Джейсон привлек к себе Гарри так же легко, как сладкая вода притягивает к себе мух. Он хитростью разузнал все его секреты, и вскоре он избавится от него. Но не своими руками, о нет. Джейсон не пачкал даже кончики своих пальцев.

Джейсон хмыкнул – звук отразился от высоких потолков комнаты и вернулся к нему каким‑то злобным, резким смешком. Значит, Гарри хочет развить и использовать свою магическую силу, так? И он охотно заплатит за это из старого, большого состояния Рейвенскрофтов? Очень хорошо. Гарри прибудет через несколько дней, и Джейсон убаюкает его, усыпит бдительность… а затем отправит к Когносченти. Они научат его. А затем будут использовать, пока не исчерпают до дна. Джейсону не придется даже шевельнуть пальцем, чтобы уничтожить Гарри Рейвенскрофта – этого заносчивого вирджинского аристократа, который все годы смотрел на него свысока, который каким‑то образом избавил его бывшую жену от автокатастрофы, которая должна была стать фатальной. Нет, Джейсону не придется даже шевельнуть пальцем, Когносченти сделают это за него. Но даже они не будут знать, что он их просто использовал. Они выжмут Гарри досуха; они не оставят ему ничего, отнимут даже его душу.
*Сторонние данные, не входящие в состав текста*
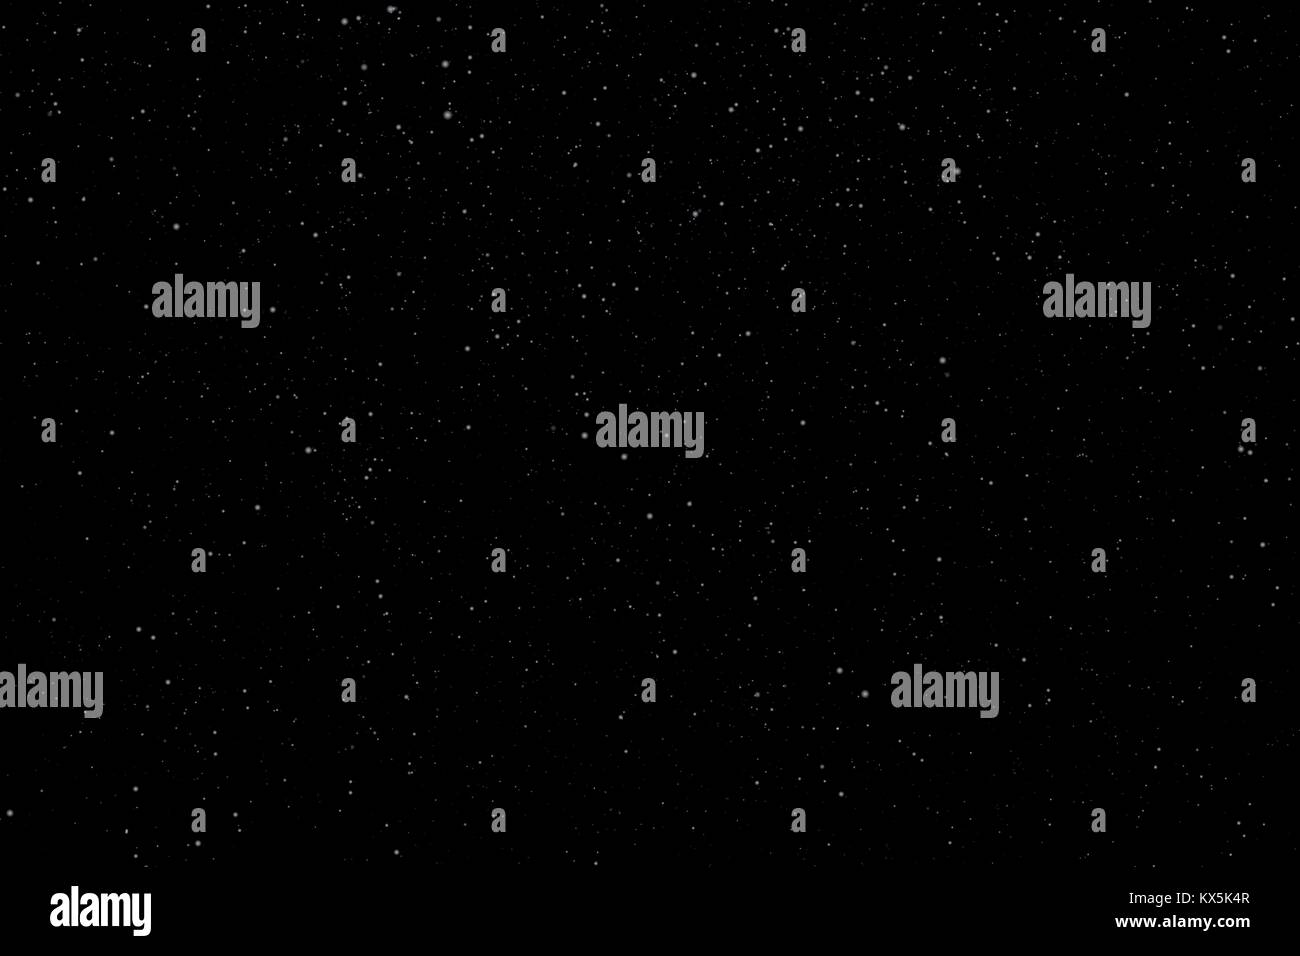 Nacht Sternenhimmel mit Sternen und Planeten geeignet als Hintergrund - Vektor Stock Vektor

Вся красота этого плана заключалась в том, что Гарри будет благодарить его за это, он будет целовать ему руки и пресмыкаться перед ним в благодарность за рекомендацию, которой он так жаждал. Слухи о существовании этой группы уже давно ходили в оккультных кругах, но ее название никто даже не осмеливался прошептать. Название Когносченти было известно только немногим избранным. Джейсон заслужил право узнать его. Джейсон многие годы проработал на них, ведя их дела в таких сферах, о которых даже в оккультных кругах никогда не мечтают. Служа им, Джейсон стал богатым и могущественным. Сейчас он назовет запретное имя Гарри и тем самым подпишет ему приговор.
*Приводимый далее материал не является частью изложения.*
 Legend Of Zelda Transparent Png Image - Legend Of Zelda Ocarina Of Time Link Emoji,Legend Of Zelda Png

Следующей будет Бренвен. О Бренвен он позаботится лично. Когносченти не смогут помешать ему возвратиться в Вашингтон, во всяком случае, не сейчас, когда он стал таким же могущественным, как и они. А он действительно стал таким же могущественным. Не в Черной магии, нет, но в тех сферах, которые мир понимает лучше. Сейчас наконец он сможет заняться отмщением Бренвен. Как только он избавится от Гарри. Он снова хмыкнул, и смешок превратился в ужасный смех с демоническим оттенком.

 

На месте, отведенном для стоянки автомобиля Бренвен перед ее домом, была припаркована какая‑то странная машина. Она увидела ее за полквартала. Сначала ее охватило раздражение от возникшего неудобства, и она подумала, что новые жильцы из средней квартиры необдуманно позволили своим гостям занять чужое место. Что ж, гостям придется просто убрать свою машину, потому что было уже поздно, темно и холодно, и Бренвен не собиралась выискивать место для парковки на улице. Но когда она подъехала к стоянке, огни ее машины высветили в этом автомобиле фигуру человека, который сидел внутри. Судя по ширине плеч и коротким волосам, это был мужчина. Кто мог ожидать ее, сидя в машине на месте, предназначенном для парковки ее автомобиля? Она никого не ждала и машины своих друзей знала хорошо. Ее охватила тревога, и она автоматически нажала на кнопку, которая блокировала все четыре двери ее «вольво». Она решила проехать мимо стоянки и вызвать полицию с ближайшего телефона‑автомата.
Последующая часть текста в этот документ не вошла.